DATA EXCERPT:
#####

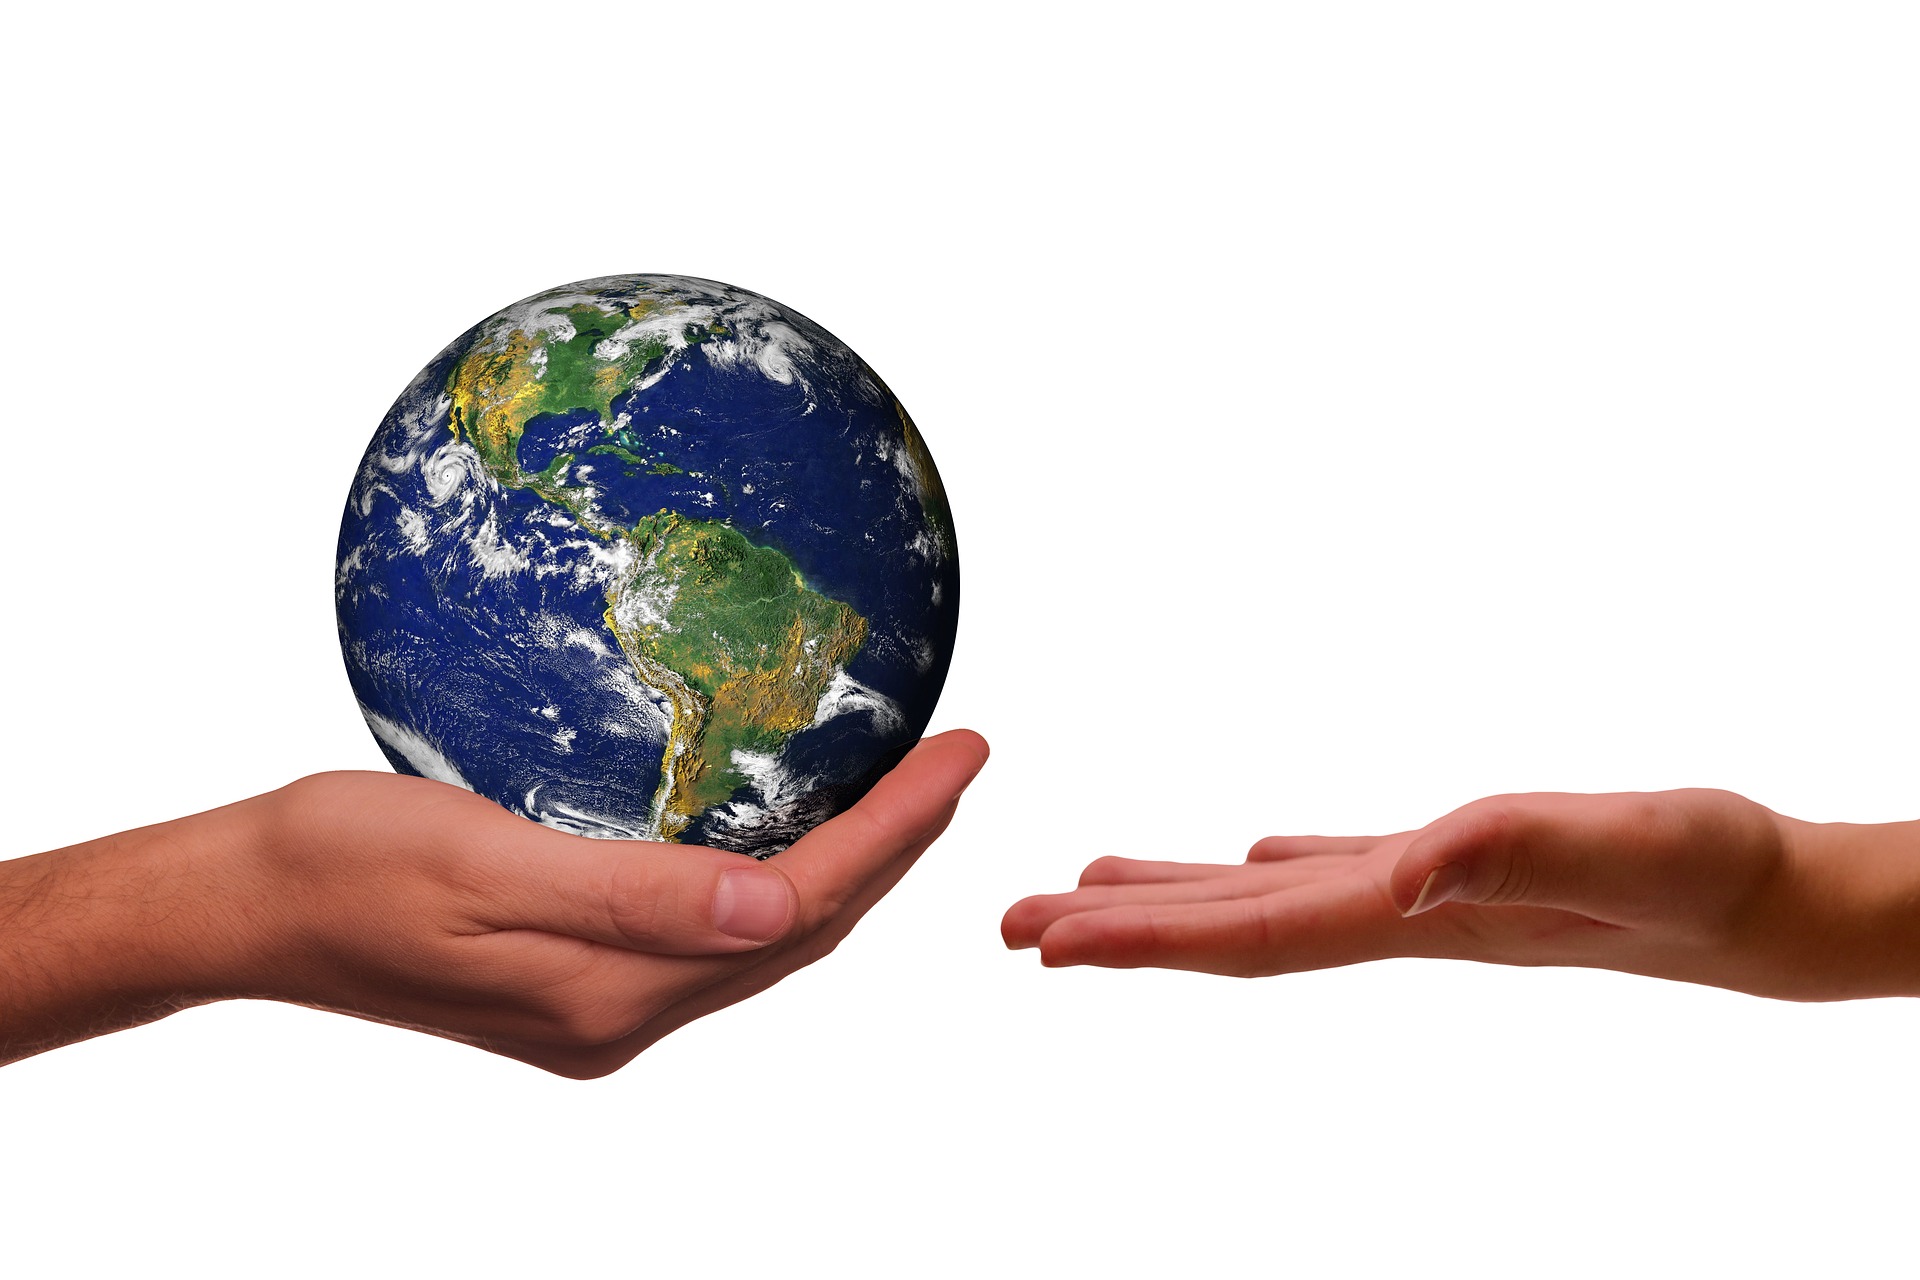 Bild: Hand die den Planet Erde hält, um ihn einer anderen Hand sicher zu überreichen.
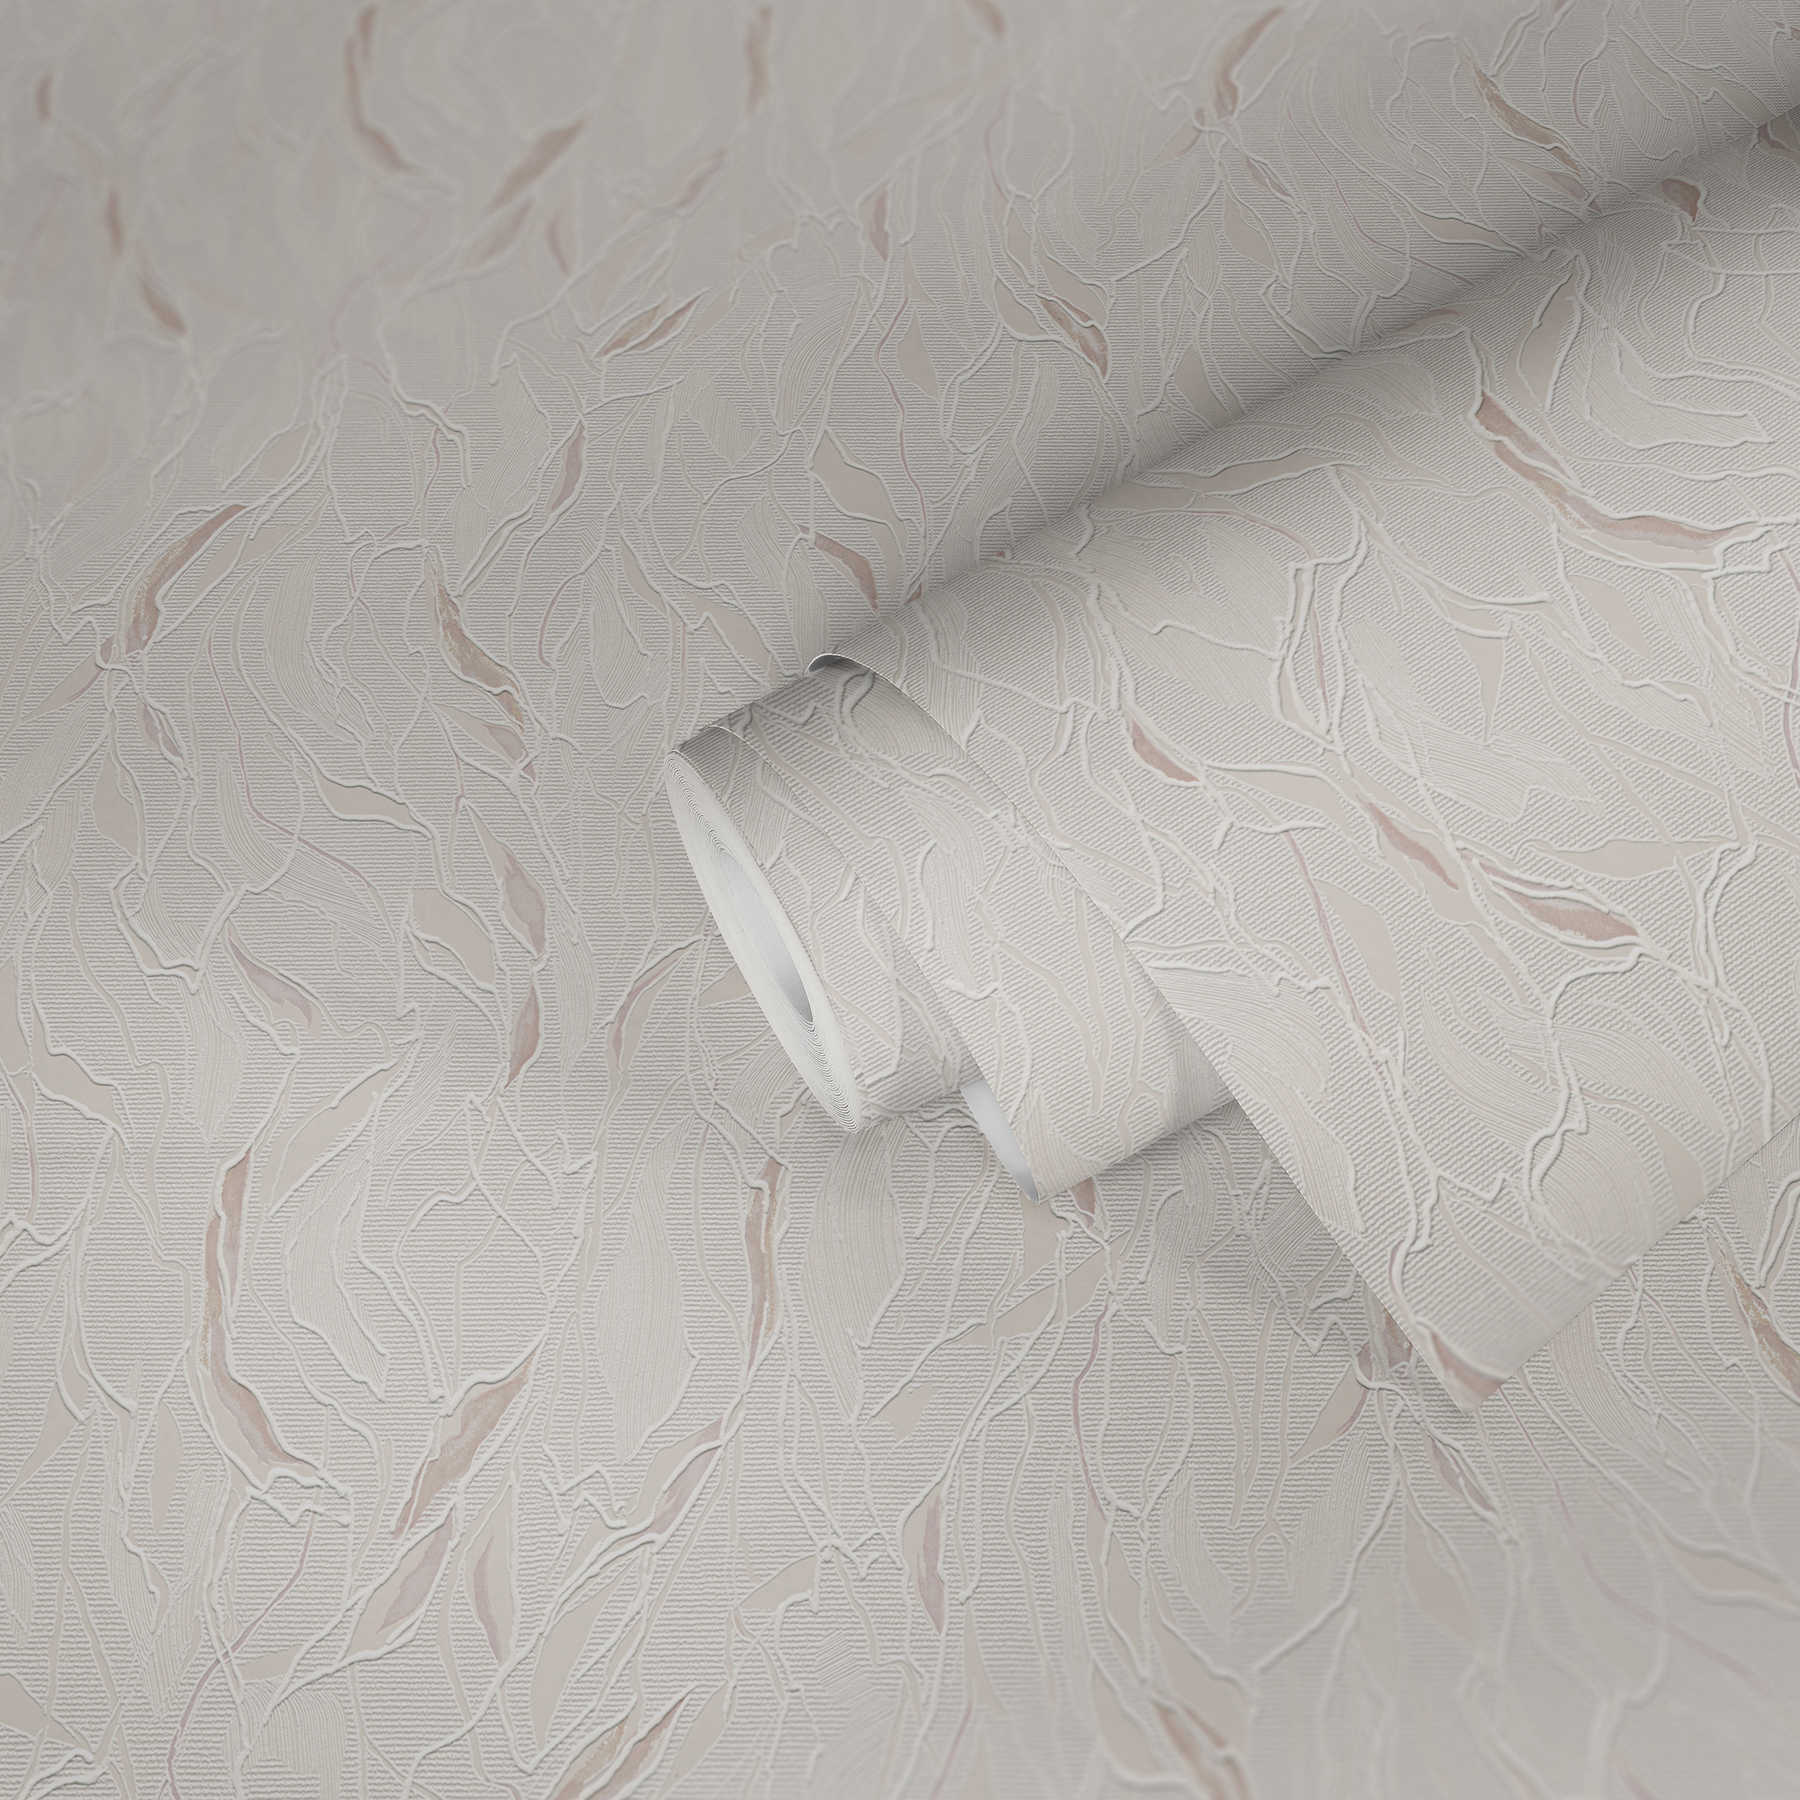             Papier peint à motifs abstrait avec gaufrage & structure de mousse - métallique, blanc
        
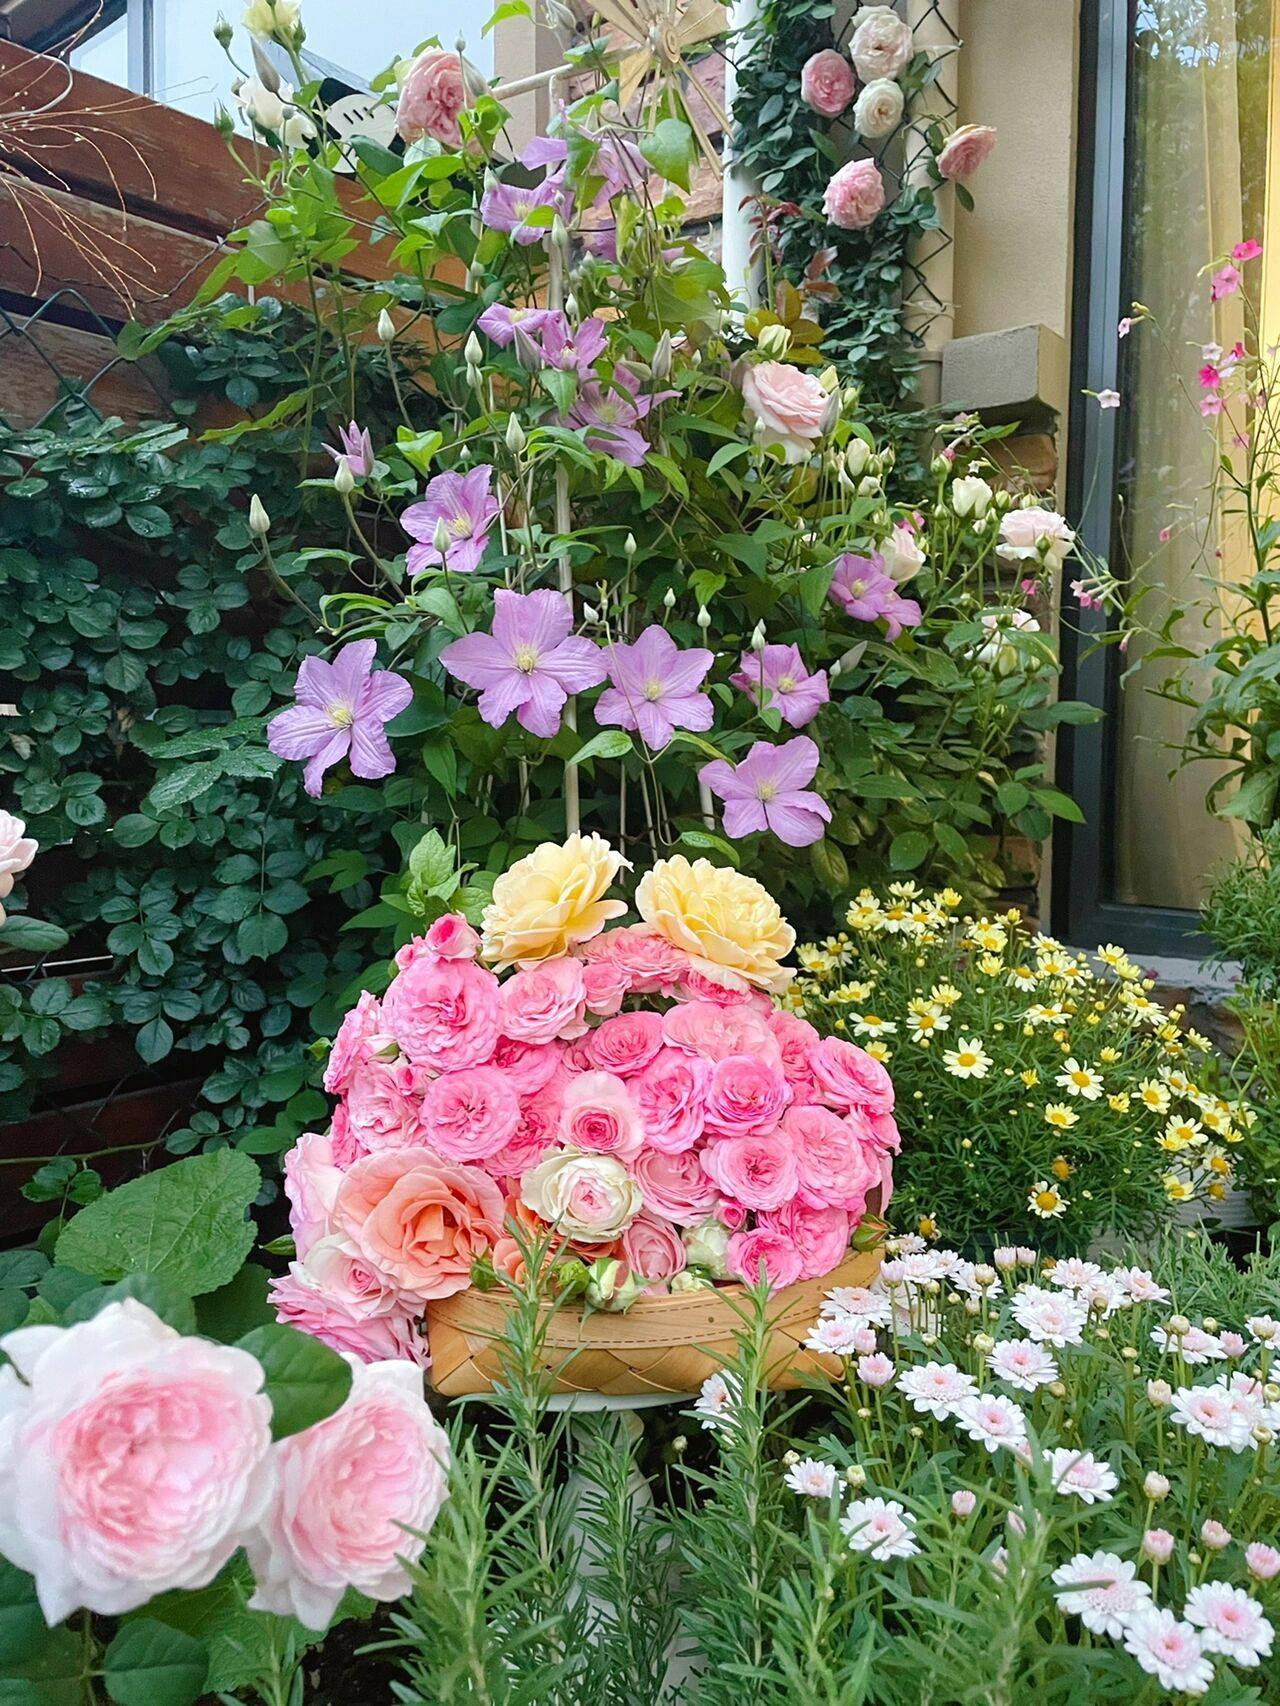 Cô nàng 9x mừng tuổi 31 với căn nhà mới có cả sân trước và sau 300 ngày, khu vườn đã nở rộ đầy hoa - Ảnh 8.

#####

TASK INSTRUCTIONS: Could you output the lines above exactly, with no pictures included?

TASK SOLUTION:
 Bild: Hand die den Planet Erde hält, um ihn einer anderen Hand sicher zu überreichen.
             Papier peint à motifs abstrait avec gaufrage & structure de mousse - métallique, blanc
        
 Cô nàng 9x mừng tuổi 31 với căn nhà mới có cả sân trước và sau 300 ngày, khu vườn đã nở rộ đầy hoa - Ảnh 8.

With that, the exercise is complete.